# Broken Carlon Boxes



## wendon (Sep 27, 2010)

knowshorts said:


> I rarely do residential work. I am working on a house that was just purchased by one of my commercial clients. They have 2 outlets in the kitchen that are just hanging there. Upon looking closer, when the granite was installed someone reinstalled the outlets with 2" #8 wood screws because they didn't have 2" 6/32's. This blew out the screw hole making the box useless. I plan on cutting the boxes out and installing old work cut in boxes and replacing the factory #6 wood screws with longer screws to accommodate the additional depth of the granite.
> 
> Am I on the right page here or is there another method I should be looking at?


Is there a box extender installed? Maybe go with some type of a metal box?


----------



## knowshorts (Jan 9, 2009)

wendon said:


> Is there a box extender installed? Maybe go with some type of a metal box?

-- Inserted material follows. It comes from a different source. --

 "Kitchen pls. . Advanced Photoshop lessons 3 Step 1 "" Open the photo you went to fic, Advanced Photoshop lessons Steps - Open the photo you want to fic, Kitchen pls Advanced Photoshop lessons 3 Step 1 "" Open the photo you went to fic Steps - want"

No extenders, yet. They wouldn't help fix the situation since they get sandwiched between the box and device. Now that you mention metal boxes, would this be a scenario to use battleships? I have never used them before.


----------



## wendon (Sep 27, 2010)

knowshorts said:


> No extenders, yet. They wouldn't help fix the situation since they get sandwiched between the box and device. Now that you mention metal boxes, would this be a scenario to use battleships? I have never used them before.


I did a granite top last year that they cut the holes too small for a regular old work box. Modified a metal box to fit and the cabinet guy got some epoxy and glued them in. I don't think the box will ever come out of there again!!:laughing:


----------



## davis9 (Mar 21, 2009)

Blue Carlon boxes? If so I've had good luck using 8/32's to fix the sheetrock screw blow out. You may have a hard time fitting the replacement box through the granite opening.

Tom


----------



## drspec (Sep 29, 2012)

Maybe try a LV cut in and a box extender?


----------



## Hippie (May 12, 2011)

drspec said:


> Maybe try a LV cut in and a box extender?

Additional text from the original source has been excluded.